Your assignment:
Transcribe the data underneath exactly. No images belong in your version.

[Dataset section — start]

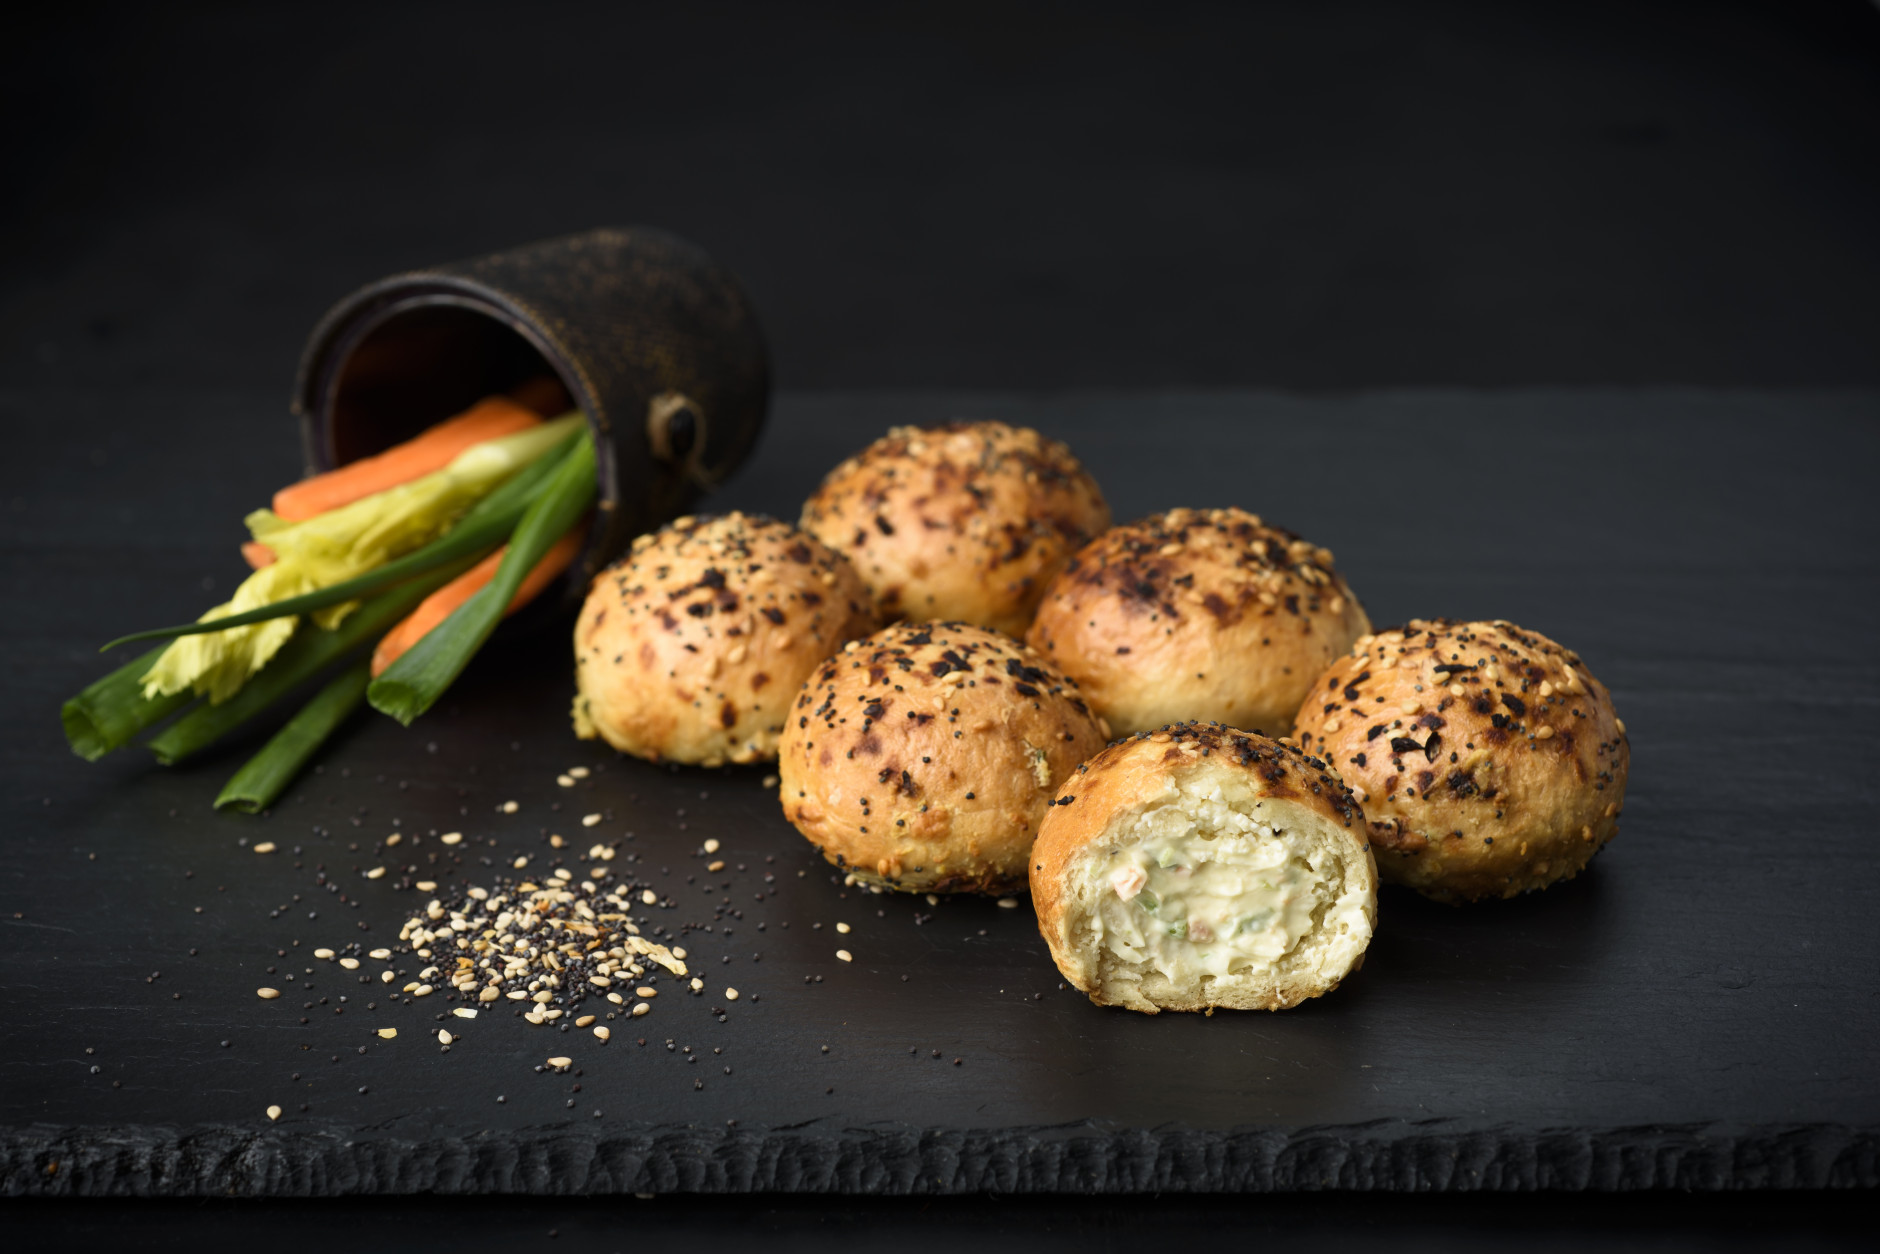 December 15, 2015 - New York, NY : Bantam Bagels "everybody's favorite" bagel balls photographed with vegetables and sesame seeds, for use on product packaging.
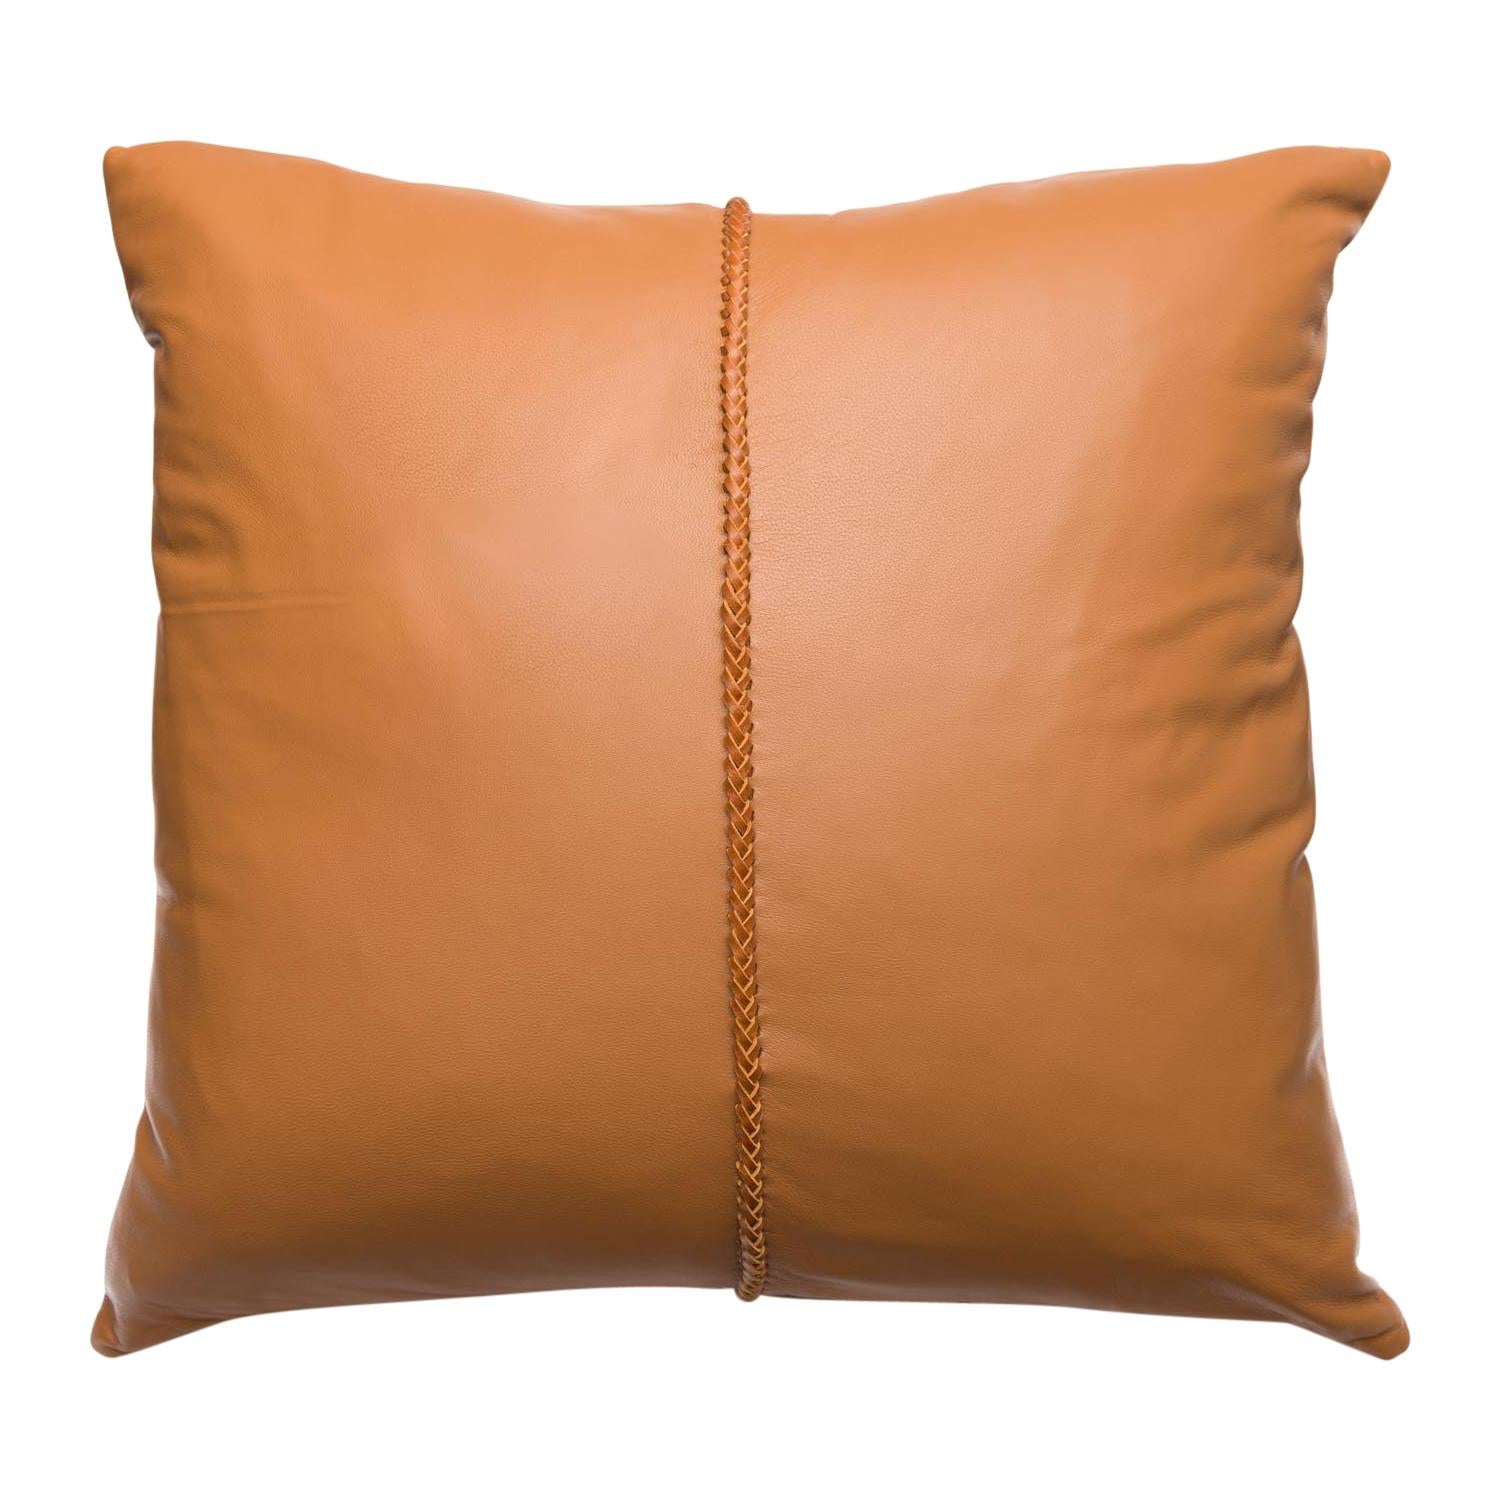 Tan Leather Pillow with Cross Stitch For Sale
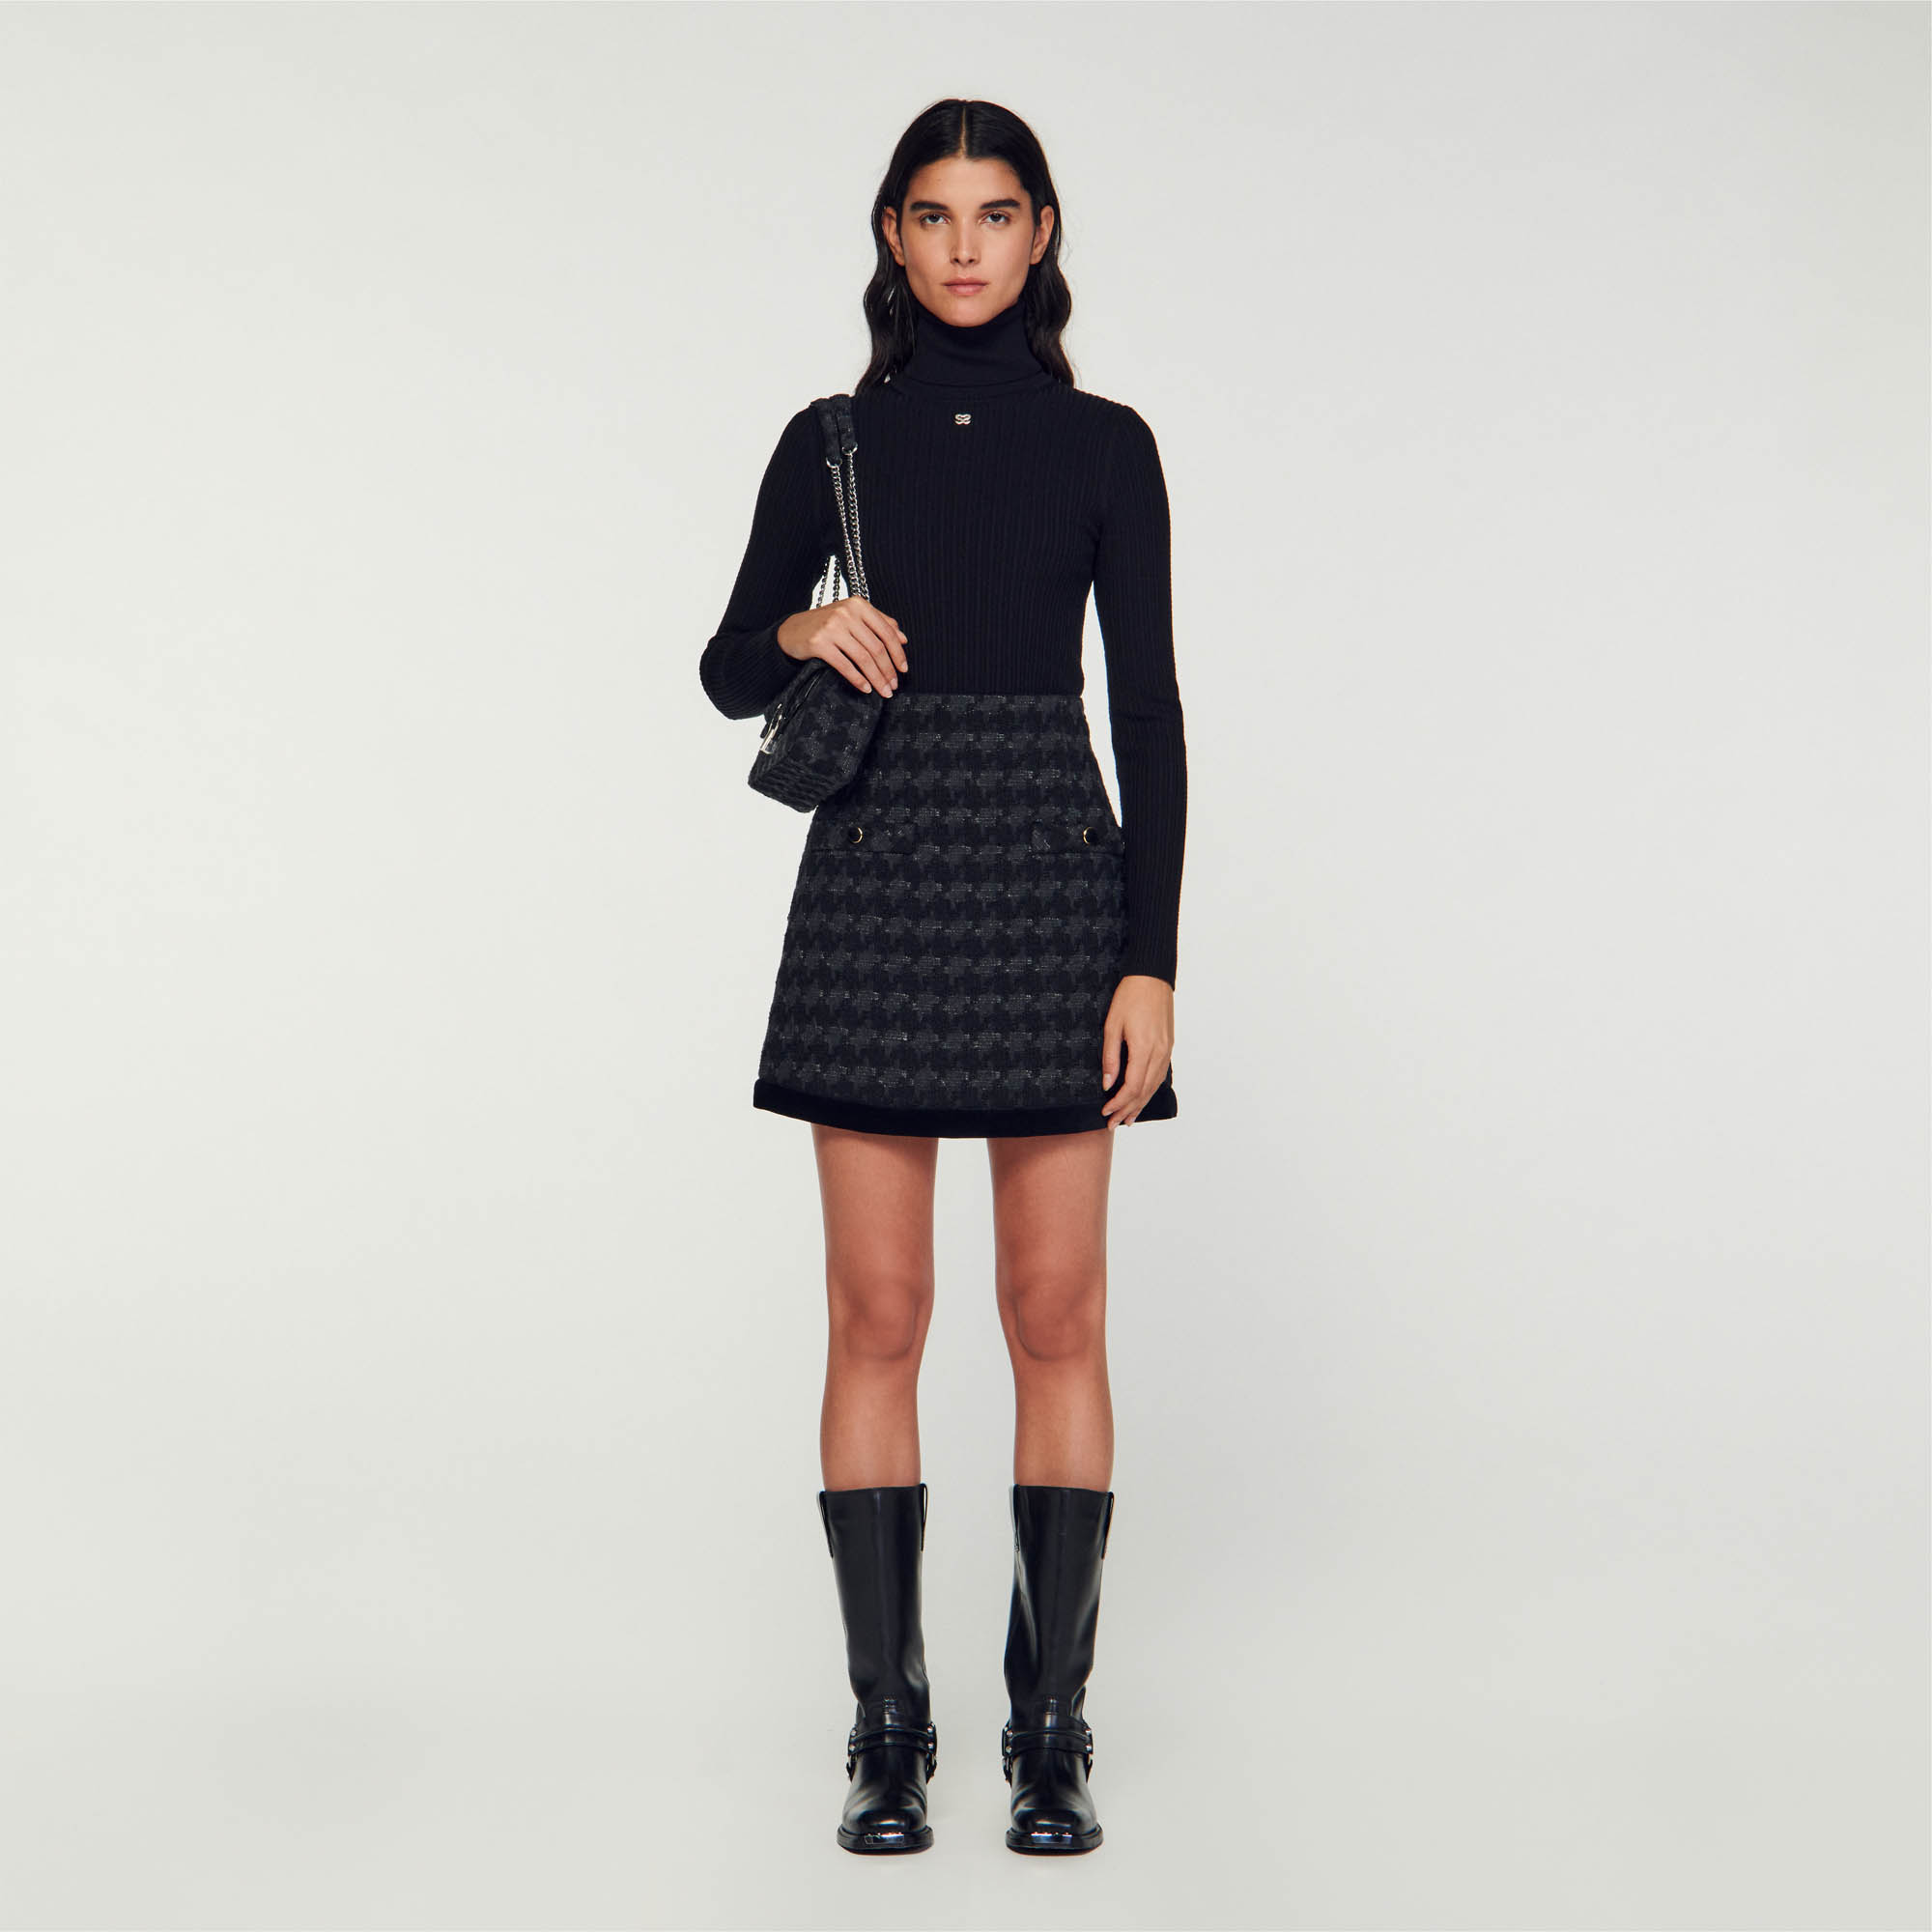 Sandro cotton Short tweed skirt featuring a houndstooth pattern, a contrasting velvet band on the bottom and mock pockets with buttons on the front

[Dataset section — finish]

Answer below:
 December 15, 2015 - New York, NY : Bantam Bagels "everybody's favorite" bagel balls photographed with vegetables and sesame seeds, for use on product packaging.
 Tan Leather Pillow with Cross Stitch For Sale
 Sandro cotton Short tweed skirt featuring a houndstooth pattern, a contrasting velvet band on the bottom and mock pockets with buttons on the front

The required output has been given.